De rechtbank legde een gevangenisstraf op van 7 maanden, waarvan 3 maanden voorwaardelijk, met een proeftijd van 2 jaar. Daarnaast werd een taakstraf van 40 uur opgelegd en werd de verdachte verplicht tot reclasseringscontact en behandeling. De rechtbank verklaarde de benadeelde partij niet-ontvankelijk in haar vordering tot schadevergoeding, omdat niet was komen vast te staan dat het slachtoffer rechtstreeks schade had geleden door het bewezen verklaarde feit.

Uitspraak

Rechtbank DEN HAAG
Strafrecht
Meervoudige kamer
Parketnummer 09/852104-13
Datum uitspraak: 28 augustus 2013

(Verkort vonnis)

De rechtbank Den Haag, rechtdoende in strafzaken, heeft het navolgende vonnis gewezen in de zaak van de officier van justitie tegen de verdachte:

[verdachte]

geboren op [geboortedatum] te [geboorteplaats] ,
adres: [woonadres] ,
thans gedetineerd in de penitentiaire inrichting "Alphen aan den Rijn" te Alphen aan den Rijn.

De terechtzitting.

Het onderzoek is gehouden ter terechtzitting van 14 augustus 2013.
De verdachte, bijgestaan door zijn raadsman mr.
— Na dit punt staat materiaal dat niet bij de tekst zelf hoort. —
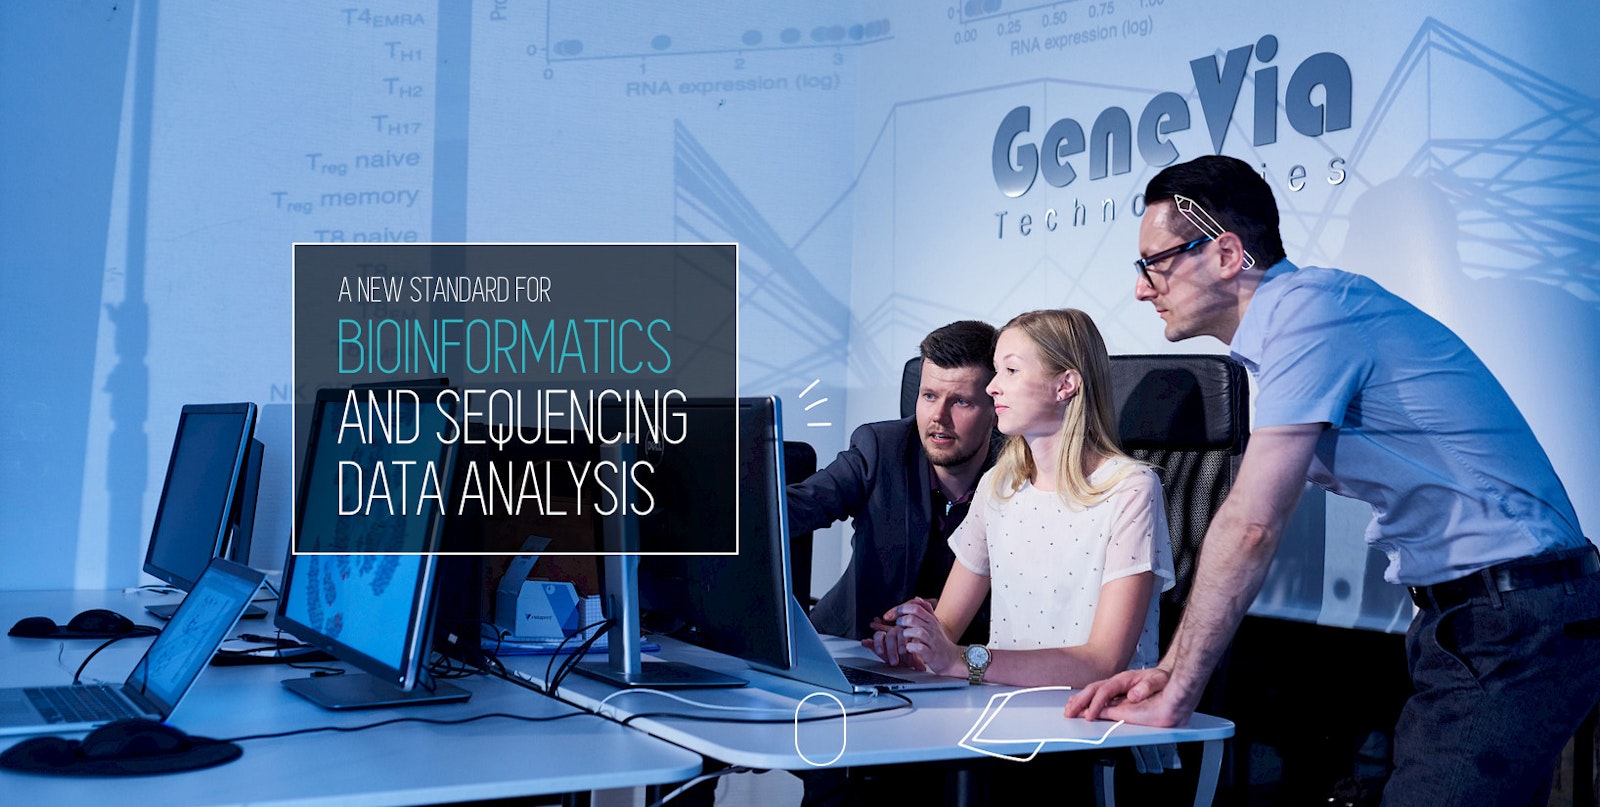 Bioinformatic analyses - Genevia Technologies

R.H. Dormeier, advocaat te Den Haag, is ter terechtzitting verschenen en gehoord.
[slachtoffer] heeft zich als benadeelde partij gevoegd in het strafgeding met een vordering tot schadevergoeding ad € 830,83.
De officier van justitie mr. B.J. Berton heeft gevorderd dat verdachte ter zake van het hem bij dagvaarding onder 1 tot en met 3 ten laste gelegde wordt veroordeeld tot een gevangenisstraf voor de duur van 20 maanden, met aftrek van de tijd in voorarrest doorgebracht, waarvan 8 maanden voorwaardelijk met een proeftijd van 5 jaren en als bijzondere voorwaarden reclasseringscontact, waaronder ook valt behandeling bij een forensisch psychiatrische instelling en eventueel andere voorwaarden betreffende het gedrag van verdachte, alsmede dat aan verdachte een contactverbod wordt opgelegd met [slachtoffer] .
Ten aanzien van de onder verdachte in beslag genomen laptop en computer heeft de officier van justitie gevorderd dat deze goederen zullen worden onttrokken aan het verkeer.
Voorts heeft de officier van justitie geconcludeerd tot toewijzing van de vordering van de benadeelde partij met oplegging van de schadevergoedingsmaatregel.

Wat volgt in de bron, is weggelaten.